Spring Meeting, Washington DC

At its spring 2002 meeting, the OAH Executive Board took the following actions:

  • Approved, with two minor changes, the minutes from the fall 2001 board meeting in Chicago.
  • Approved the executive director's recommendation that the executive office, on behalf of the President-Elect, make appointments to the Membership Committee.
  • Adopted the following statement on honesty and integrity:
    • Honesty and integrity should undergird the work of all historians. Historians seek truth about the past in an effort to better understand historical developments and how they relate to the present and future.
    • When students encounter historians in the precollegiate, community college, and university classroom, there is an implicit trust on the part of the student that the history teacher or professor will convey a truthful representation of the past when s/he is discussing historical themes, events, places, or individuals. The OAH categorically condemns lying as well as falsification and deliberate distortion in the teaching of history. Such mendacity is an ethical violation of the principle of truth on which the historical profession is based.
    • Similarly, plagiarism also undermines the search for truth. Stealing another writer's work and offering it as one's own is not only a violation of law that can result in legal action, but it is an attack on the credibility of the historical profession as a whole. The OAH endorses the American Historical Association Statement on Plagiarism, amended in January 2002, and its conclusion that "All historians share responsibility for maintenance of the highest standards of intellectual integrity. . . . Scholarship flourishes in an atmosphere of openness and candor, which should include the scrutiny and discussion of academic deception.
  • Fixed the Huggins-Quarles prize amount at $2,000 each year and agreed to award two $1,000 prizes to students each year.
  • Approved continuing the publications exchange with the National Council for History Education (NCHE) for another year so that OAH members receive NCHE's History Matters! and NCHE members receive the OAH Magazine of History.
  • Authorized the executive office to proceed in selecting a partner institution for the summer 2004 regional meeting.
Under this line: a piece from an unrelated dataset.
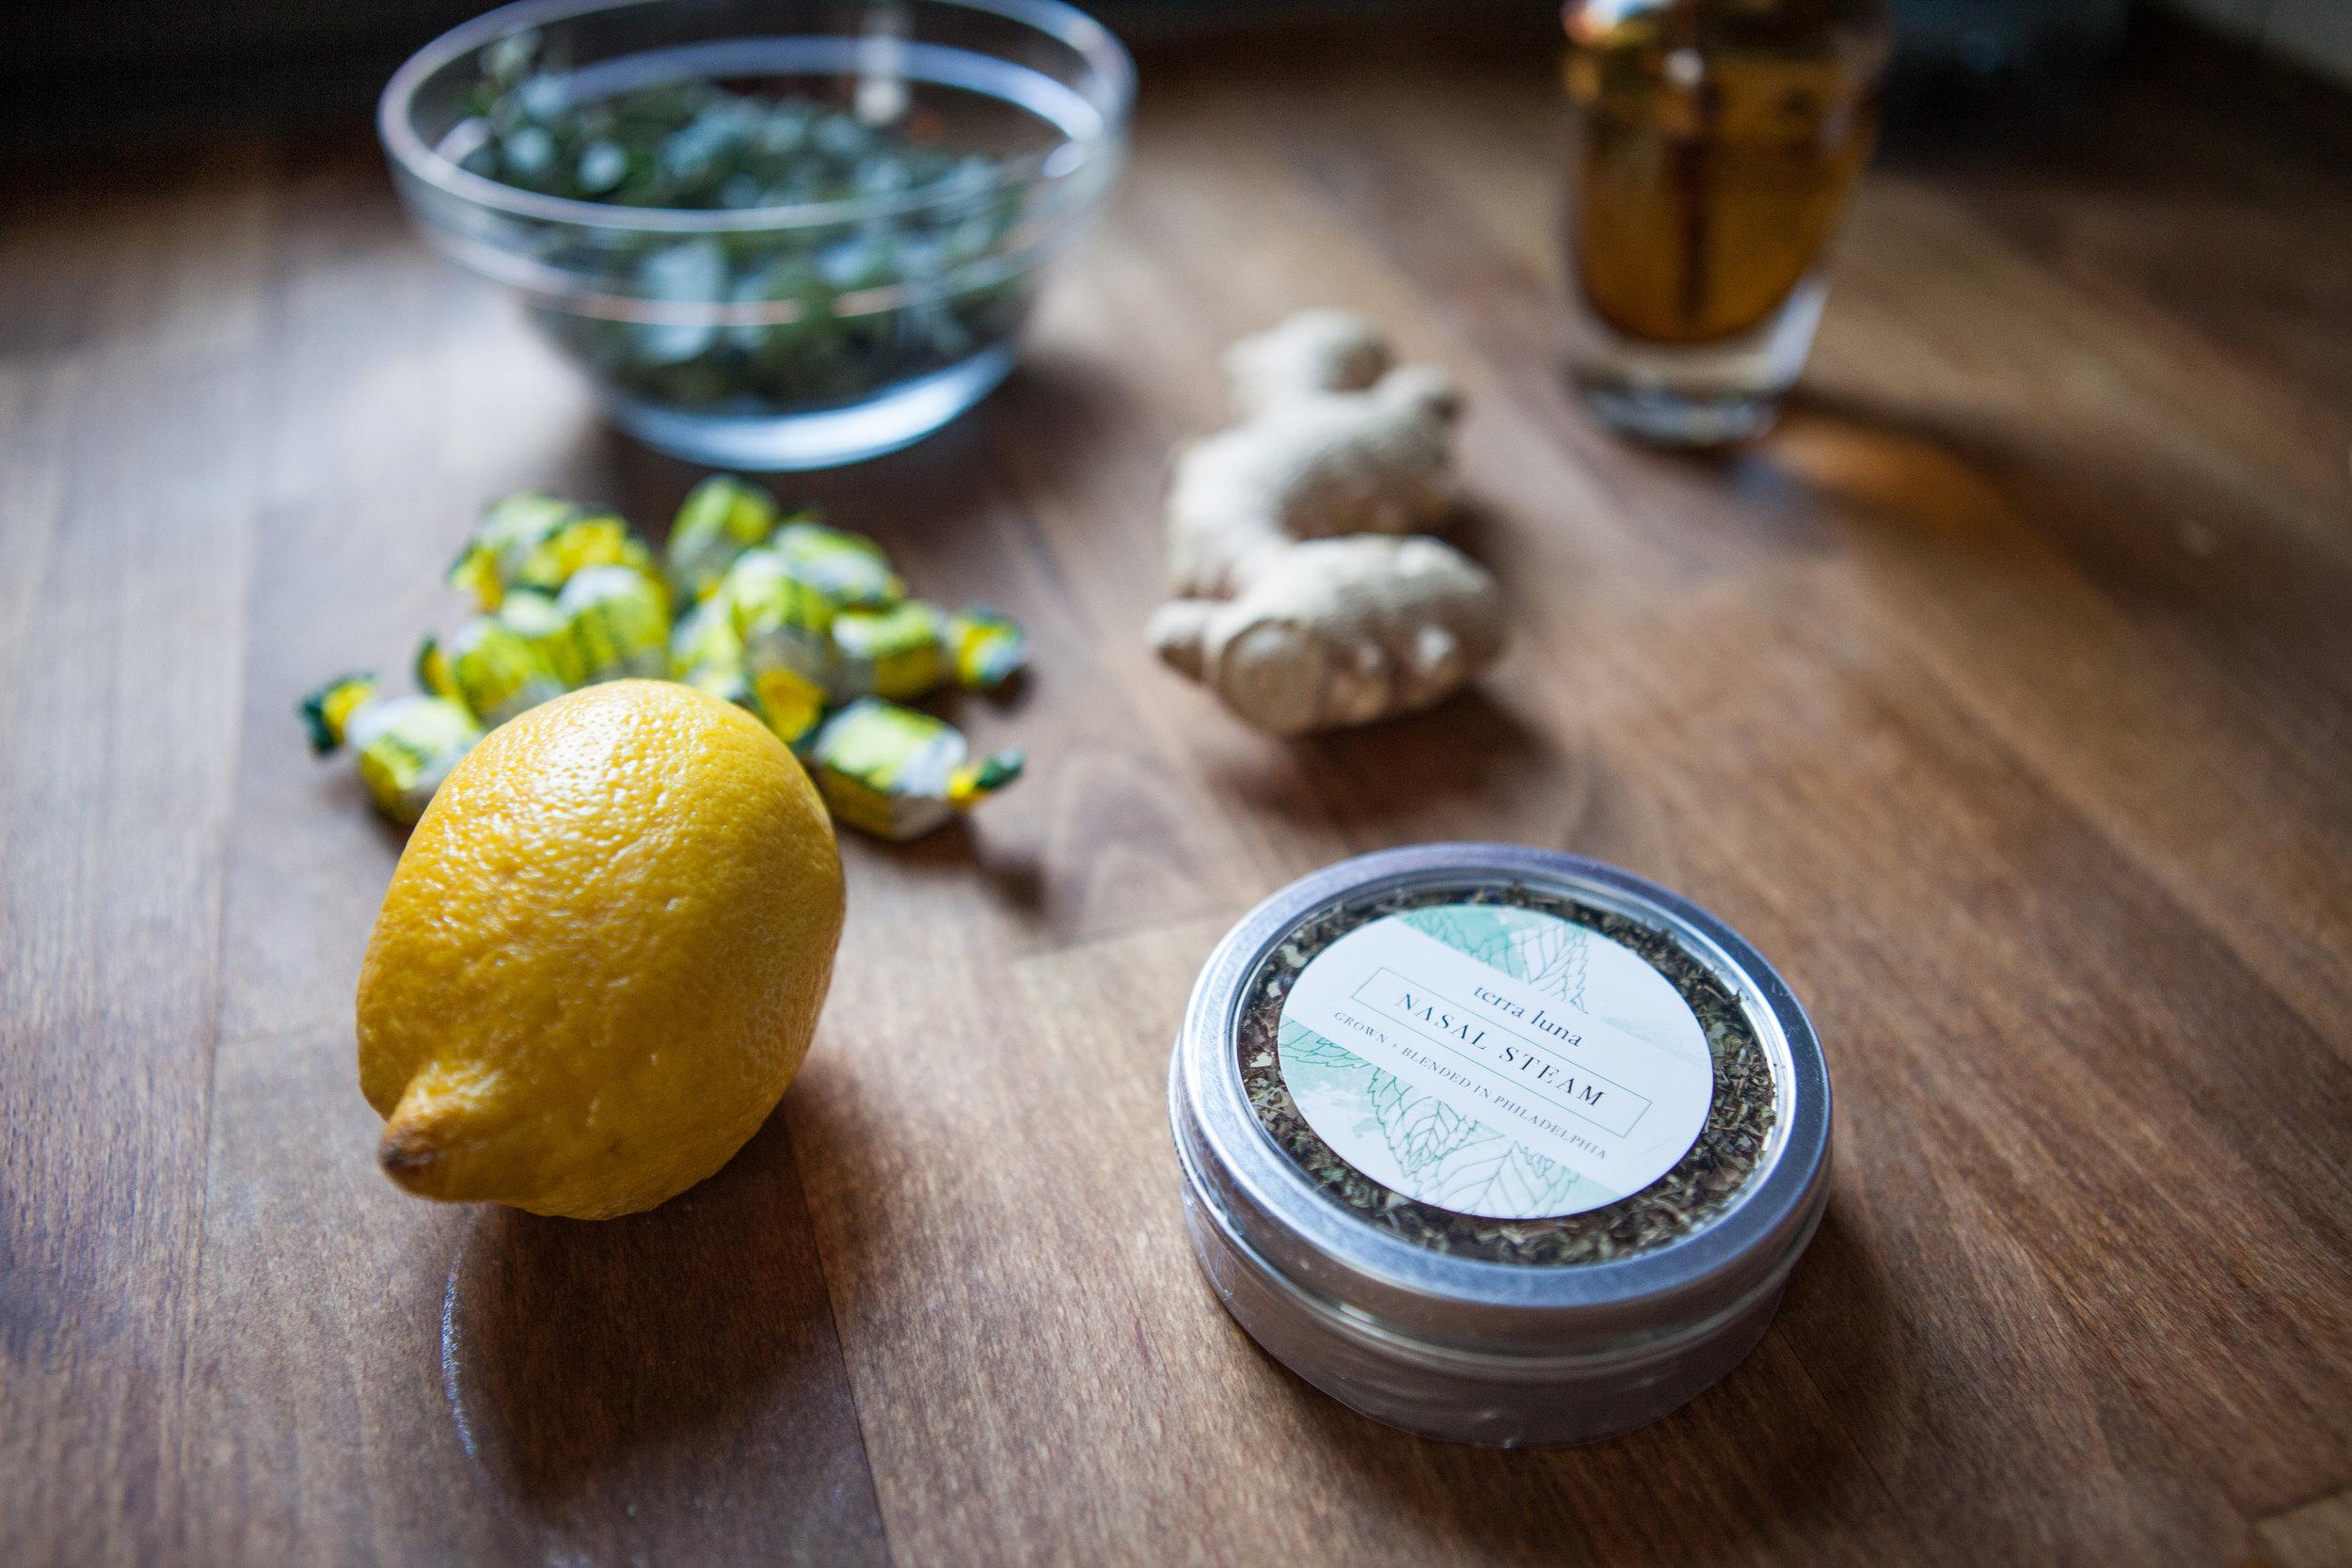 nasal-steam-cold-remedy-herbal-terra-luna.jpg

  • Approved the annual award of one Merle Curti Prize in social, intellectual, and cultural history, unless the prize committee in a given year deems that two awards are necessary.
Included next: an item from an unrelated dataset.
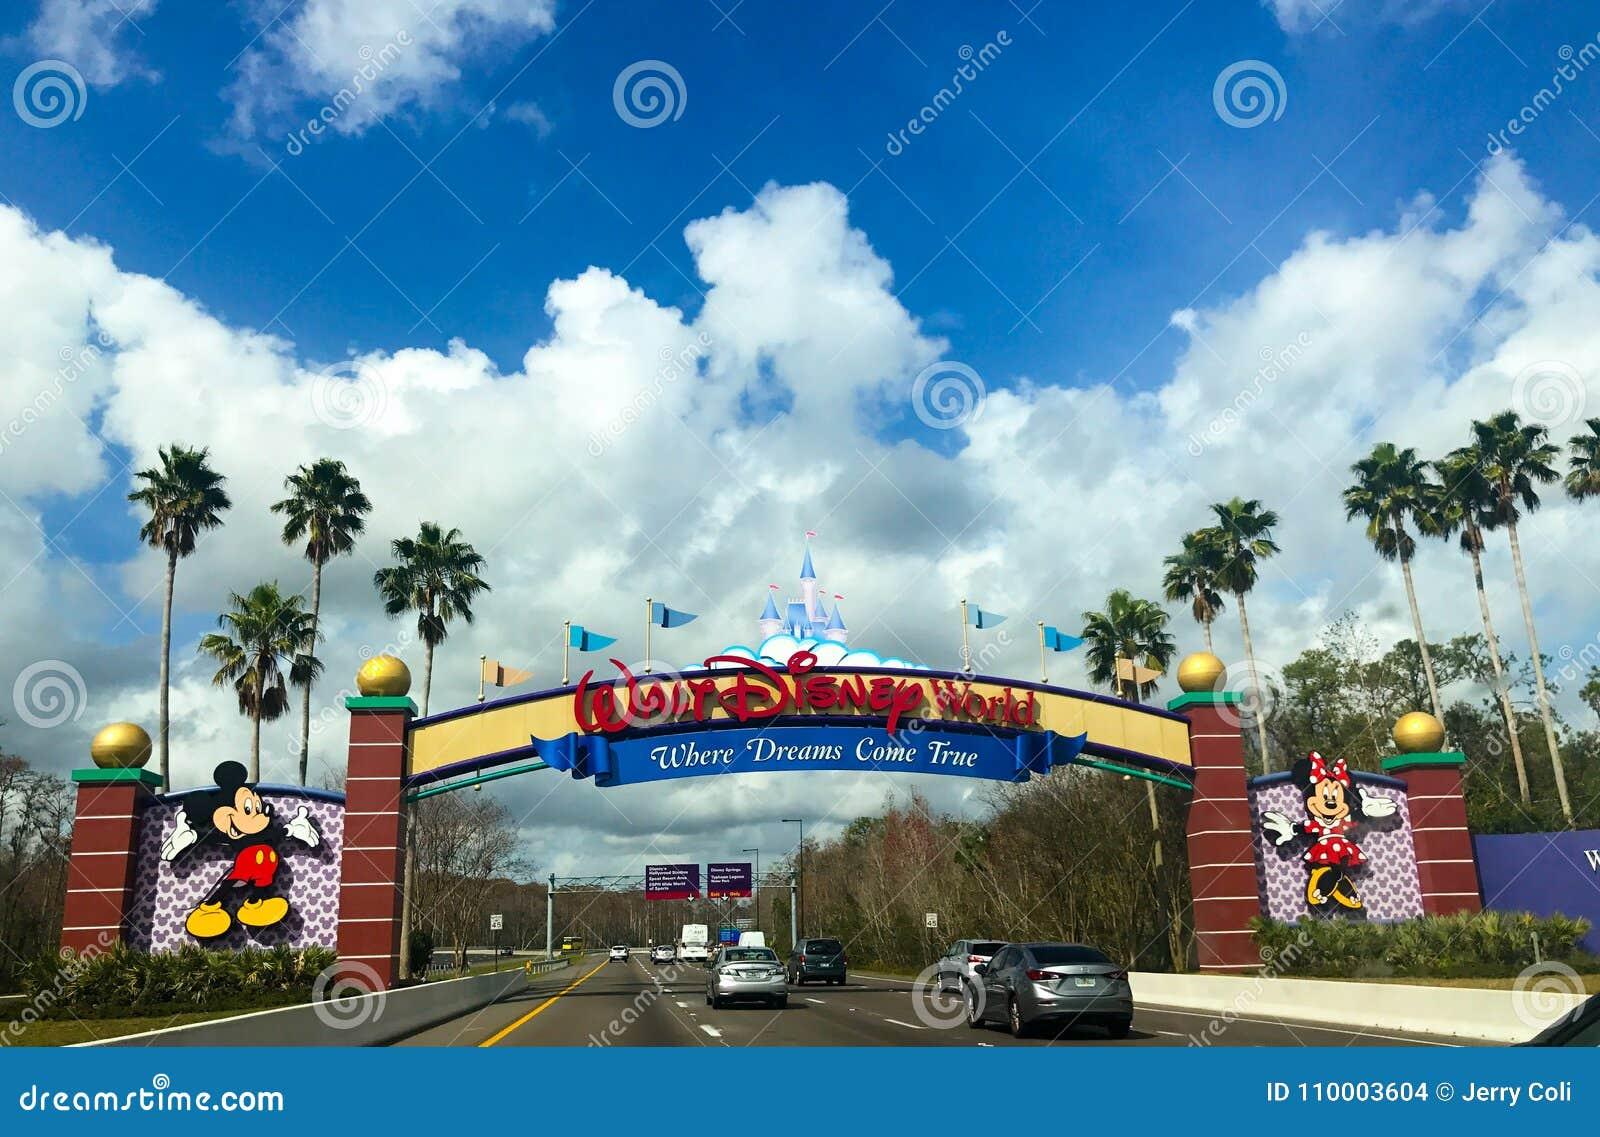 Entering Walt Disney World in Orlando, Florida.

  • Agreed to offer a monetary prize for the 1999 Foreign Language book award.
  • Approved working with the Rockefeller Archive Center to create a conference on resources in American archives that document American international activities.
  • Approved unanimously the $1,714,850 operating budget for FY2003.
  • Adopted two resolutions presented by the Committee on Research and Access to Historical Documentation:
    • 1. Resolved that the Organization of American Historians recommends to the appropriation committee of the United States House and Senate, that the National Historical Publications and Records Commission receive $10 million, the level of its authorization for fiscal year 2003, and that the additional amount of $5 million be added to the amount of the president's recommended budget and not taken from the president's recommended budget for the National Archives and Records Administration; and,
    • 2. Resolved that the Organization of American Historians recommends to the President of the United States and to the Head of the Information and Security oversight Office that any changes to Executive Order 12958 (President Clinton's order on national security classification of government documents) be published in the Federal Register to permit public consideration and comment.
  • Approved making the following statement in response to the threat of loss of funding for the University of Minnesota Press for publishing a controversial book about children and sex:
    • OAH supports the right of the University of Minnesota Press to make its own editorial decisions, and opposes the efforts of those who would infringe on that right.
  • Approved paying travel for the two OAH part-time/adjunct members of the OAH and American Historical Association Joint Committee on Part-time and Adjunct Employment to attend that committee's meetings at the annual conferences of OAH and AHA.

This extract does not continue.